I listened to the audio book, narrated by Jennifer Lim, and heartily recommend it! It concludes with a wonderful interview between the author and Sarah Crichton, the publisher and editor. In the interview, Angie Kim discusses her writing process, and reveals that many details of the narrative are based upon her own experiences as a Korean-American immigrant, and as a parent.

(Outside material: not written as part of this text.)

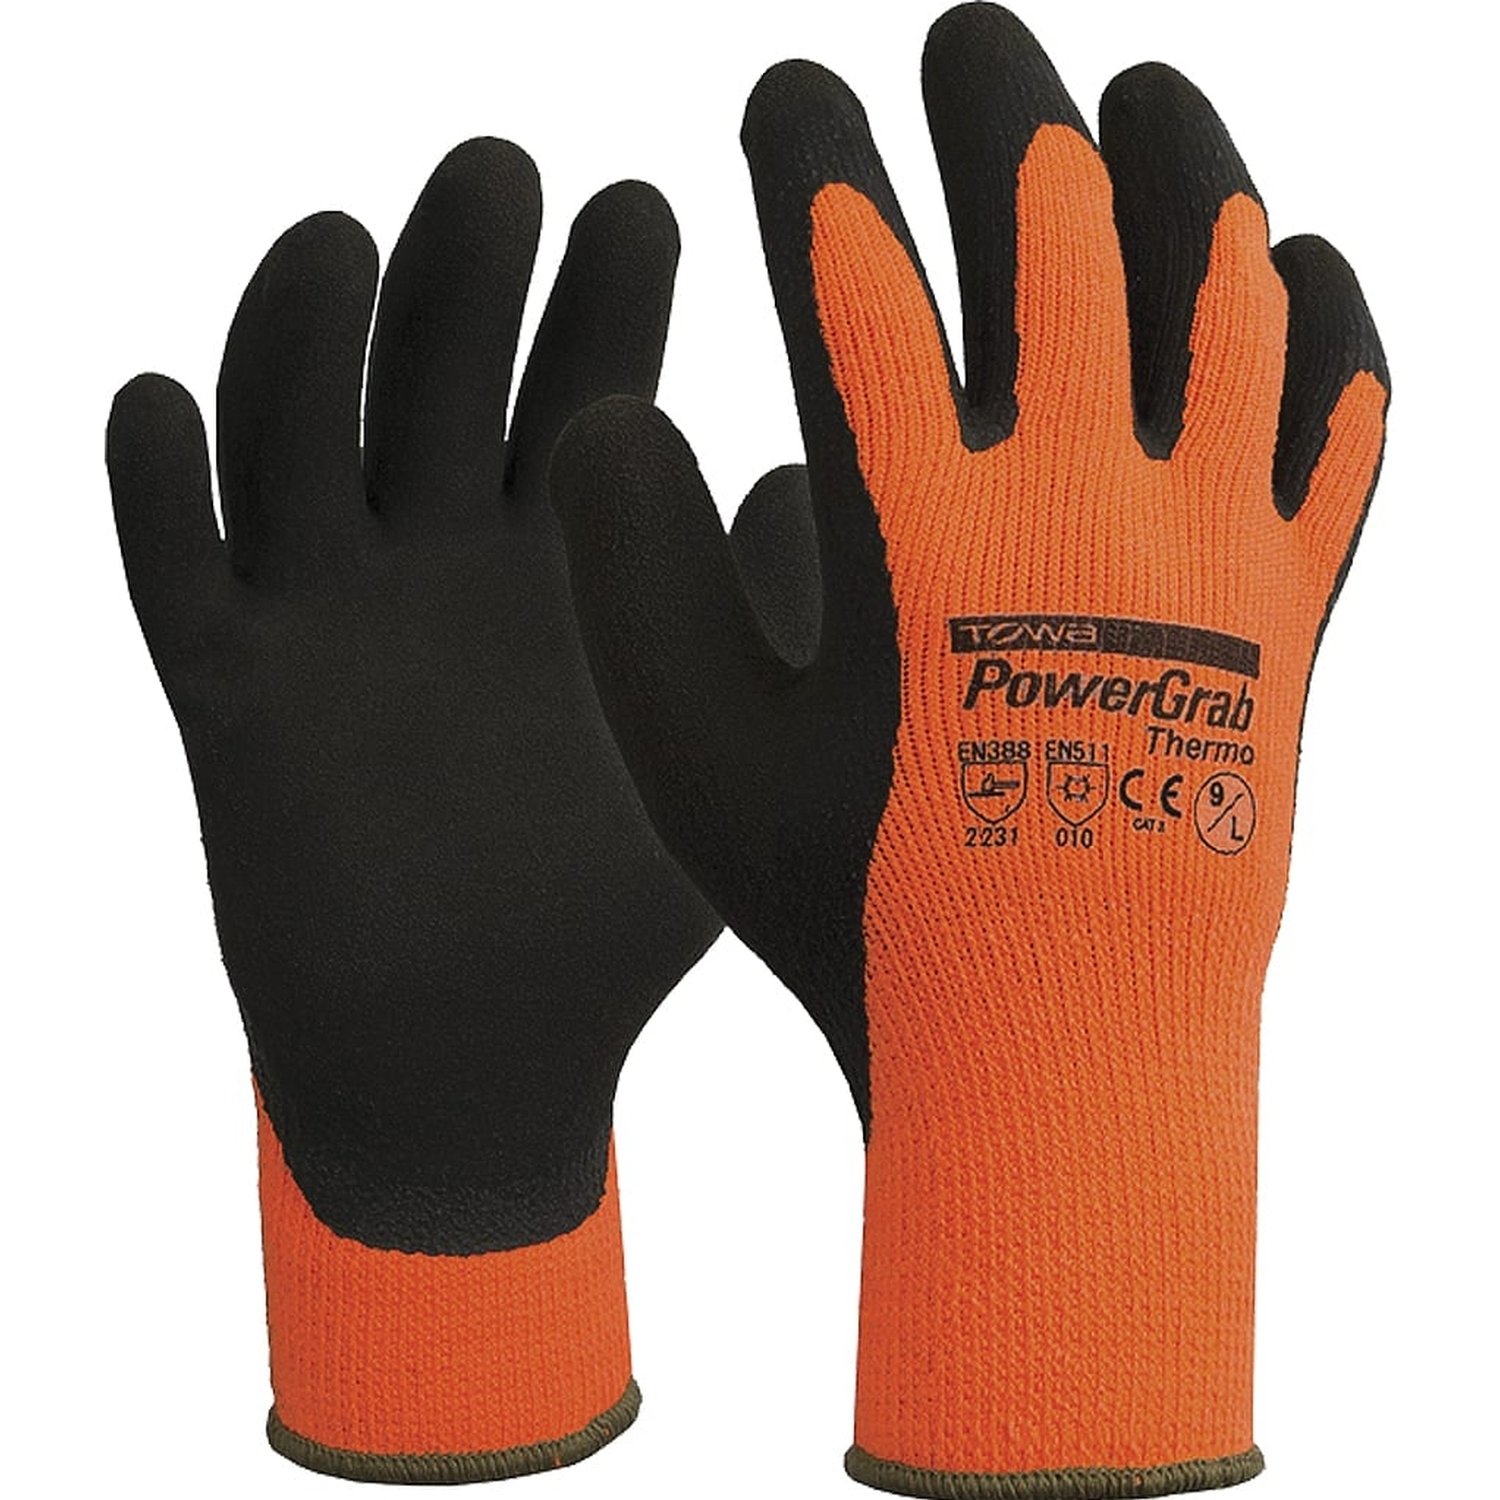 PowerGrab Thermo Winter Gloves Grey/Orange (Pkt 6)

As the thought-provoking story of Miracle Creek progresses, layer upon layer is peeled back to reveal the secrets that people may keep, and the lies that people may tell, sometimes to protect the ones they love. We learn whether or not Elizabeth is convicted, and all of the fateful pieces of the puzzle that led to what actually happened at “Miracle Submarine”, the ripple effects of which are moving, tragic, and, for some, like the hope placed in the treatment itself, transformative.
Best for Crime Fiction Readers:
Who enjoy reading literary crime fiction.
Who appreciate courtroom dramas.
Who enjoy learning something that they did not necessarily know about when they started reading a work of crime fiction.
Who are interested in the immigrant experience, in this case, that of Korean-Americans.
Miracle Creek will speak especially powerfully to parents and caregivers of those with special needs and differences.
Who don’t mind some sexual content in their mysteries and crime fiction.
Who are interested in the relationship and dynamics between parents - especially mothers - and other mothers, and with their own children.
Pages: 357 (Hardcover)
Hours: 14 hrs. 5 mins. (Audio Book)
A literary courtroom drama about a Korean immigrant family and a young, single mother accused of murdering her eight-year-old autistic son.
My husband asked me to lie. Not a big lie. He probably didn’t even consider it a lie, and neither did I, at first . . .
In the small town of Miracle Creek, Virginia, Young and Pak Yoo run an experimental medical treatment device known as the Miracle Submarine—a pressurized oxygen chamber that patients enter for therapeutic “dives” with the hopes of curing issues like autism or infertility. But when the Miracle Submarine mysteriously explodes, killing two people, a dramatic murder trial upends the Yoos’ small community.
Who or what caused the explosion? Was it the mother of one of the patients, who claimed to be sick that day but was smoking down by the creek? Or was it Young and Pak themselves, hoping to cash in on a big insurance payment and send their daughter to college? The ensuing trial uncovers unimaginable secrets from that night—trysts in the woods, mysterious notes, child-abuse charges—as well as tense rivalries and alliances among a group of people driven to extraordinary degrees of desperation and sacrifice.
Angie Kim’s Miracle Creek is a thoroughly contemporary take on the courtroom drama, drawing on the author’s own life as a Korean immigrant, former trial lawyer, and mother of a real-life “submarine” patient. An addictive debut novel for fans of Liane Moriarty and Celeste Ng, Miracle Creek is both a twisty page-turner and a deeply moving story about the way inconsequential lies and secrets can add up—with tragic consequences.